**Material for this task**
★ ★ ★ ★ ★ ★ ★

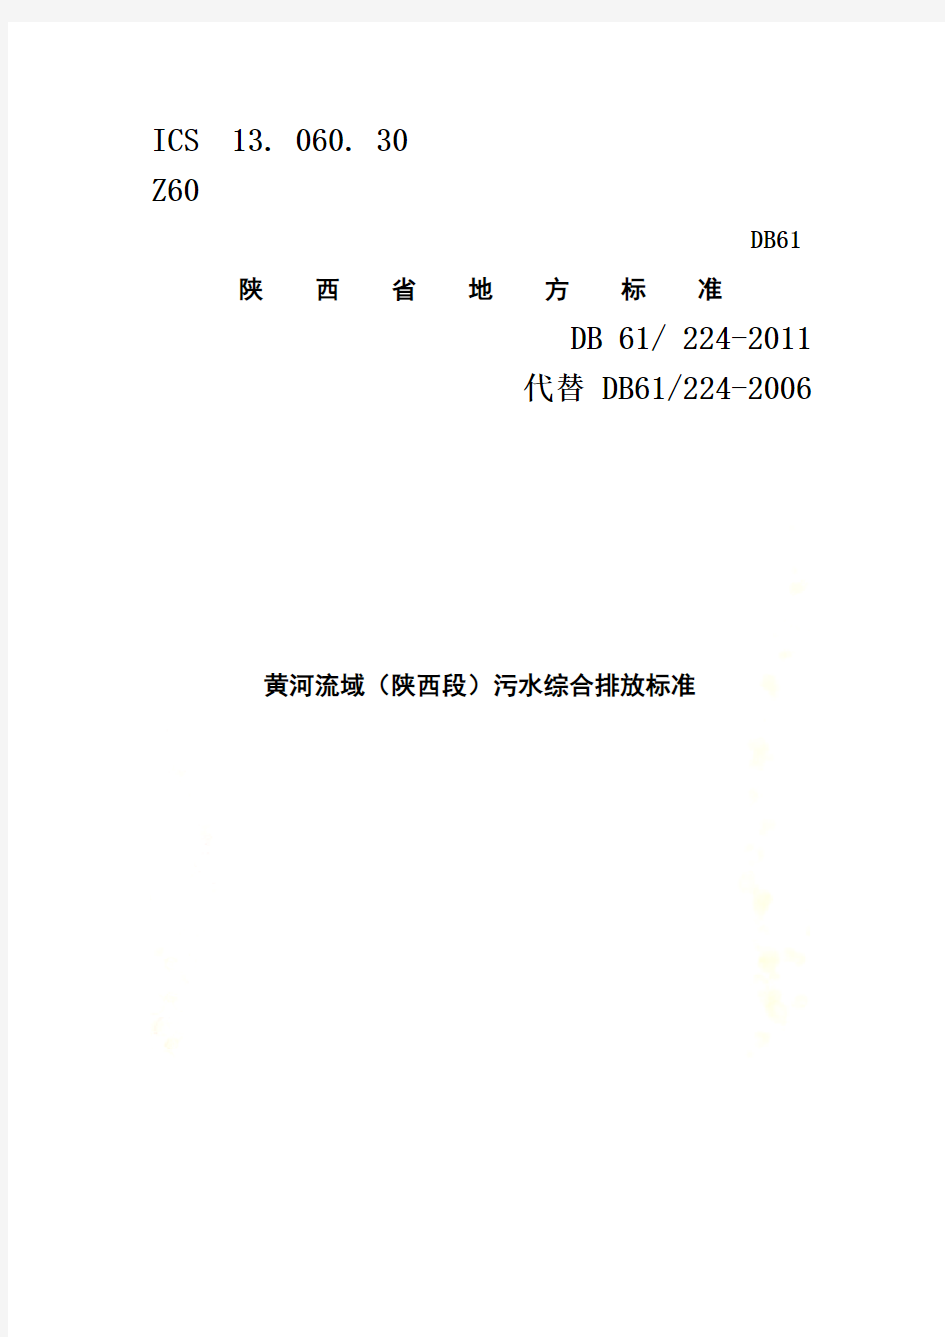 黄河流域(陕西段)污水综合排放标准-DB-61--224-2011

★ ★ ★ ★ ★ ★ ★

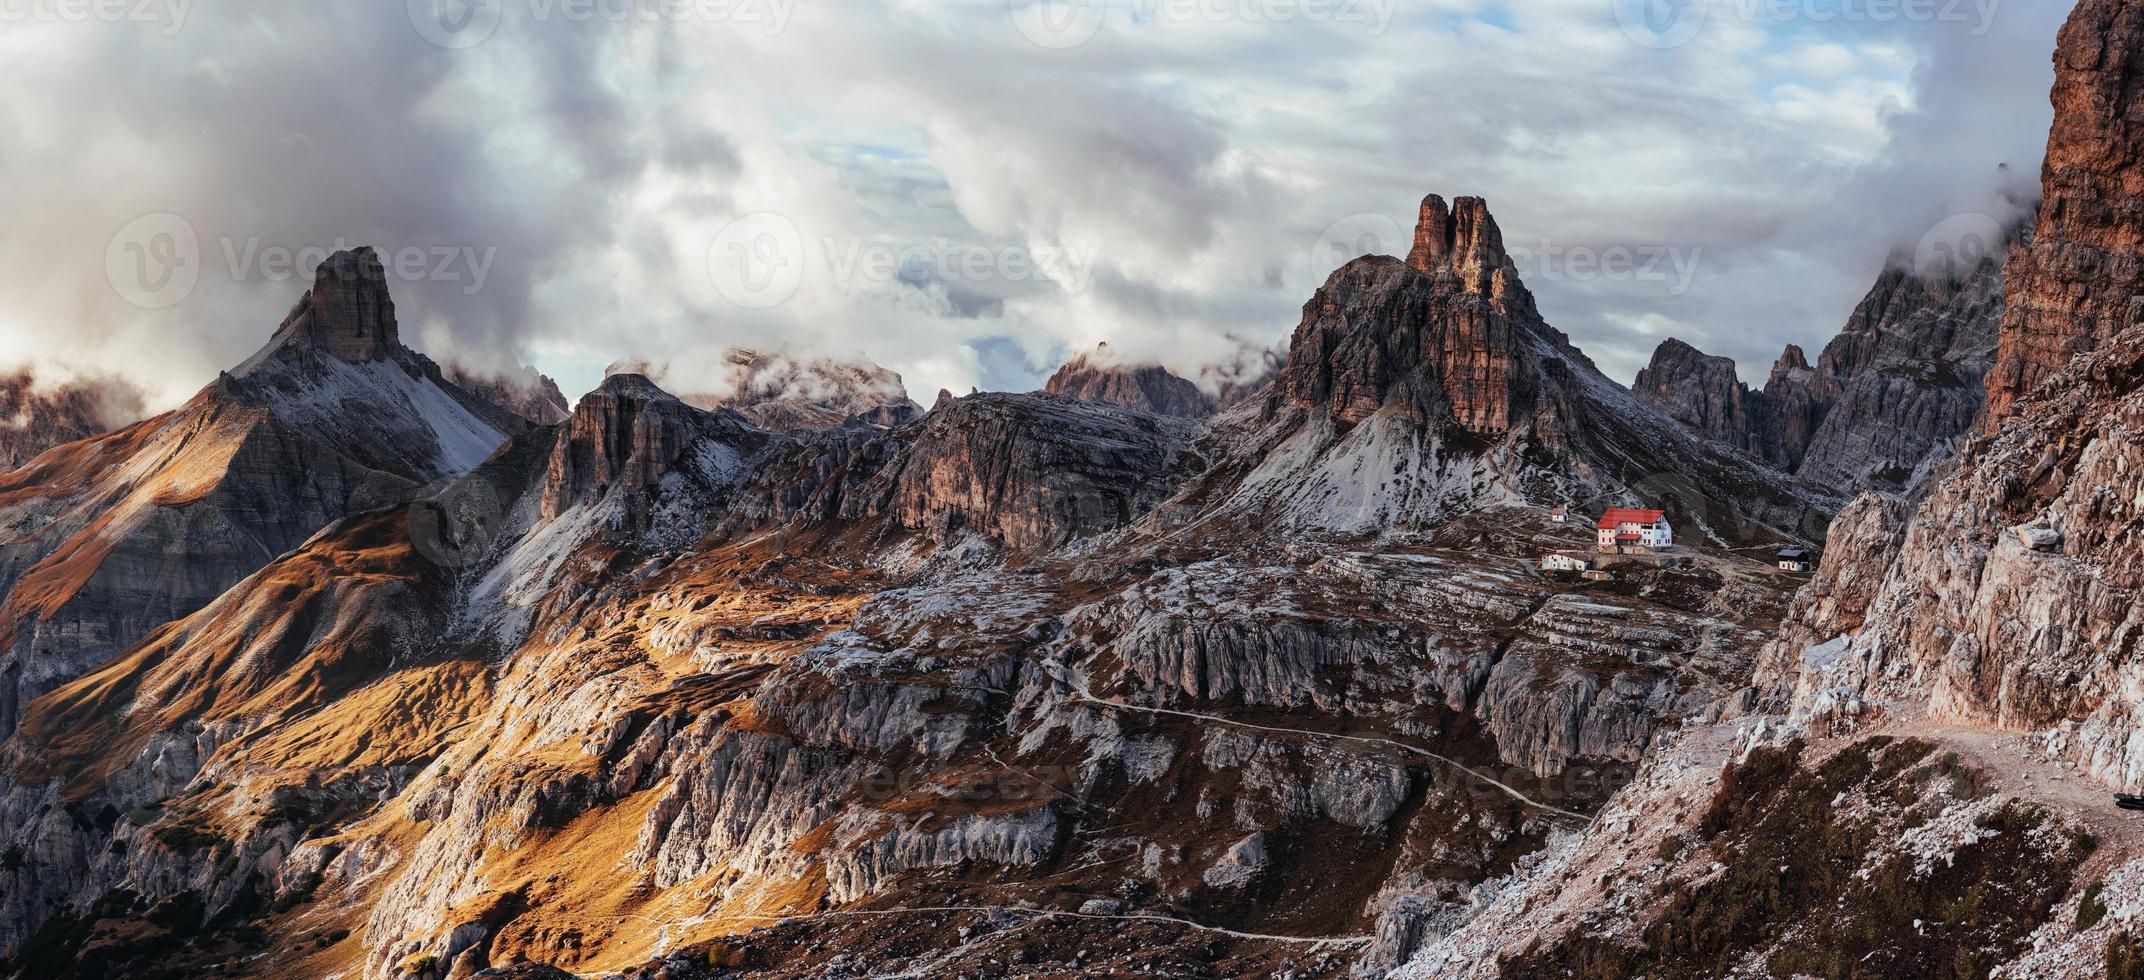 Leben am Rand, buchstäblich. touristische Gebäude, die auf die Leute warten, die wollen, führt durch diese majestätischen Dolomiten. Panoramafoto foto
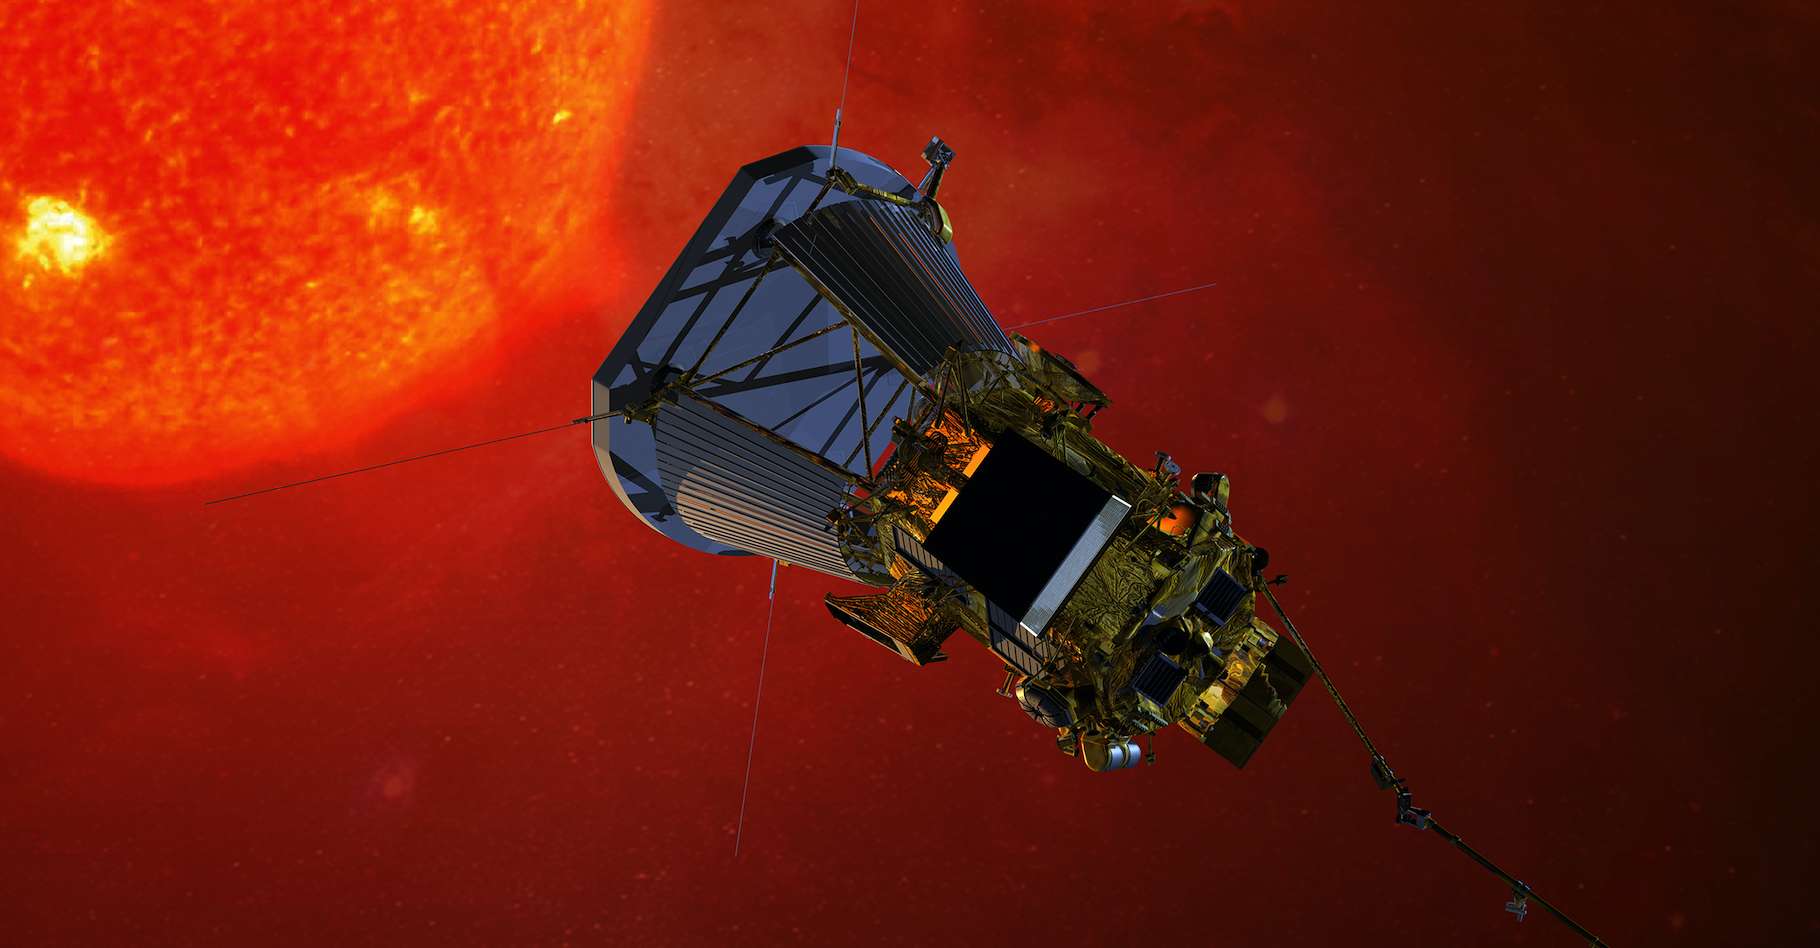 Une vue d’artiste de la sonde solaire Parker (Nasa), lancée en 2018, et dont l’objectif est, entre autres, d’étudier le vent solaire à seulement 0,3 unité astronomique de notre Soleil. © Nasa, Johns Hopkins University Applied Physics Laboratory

★ ★ ★ ★ ★ ★ ★

Above are the records. Copy only the lines from the one with "Leben am Rand, buchstäblich." through the one with "Une vue d’artiste", exactly, with no pictures.

 Leben am Rand, buchstäblich. touristische Gebäude, die auf die Leute warten, die wollen, führt durch diese majestätischen Dolomiten. Panoramafoto foto
 Une vue d’artiste de la sonde solaire Parker (Nasa), lancée en 2018, et dont l’objectif est, entre autres, d’étudier le vent solaire à seulement 0,3 unité astronomique de notre Soleil. © Nasa, Johns Hopkins University Applied Physics Laboratory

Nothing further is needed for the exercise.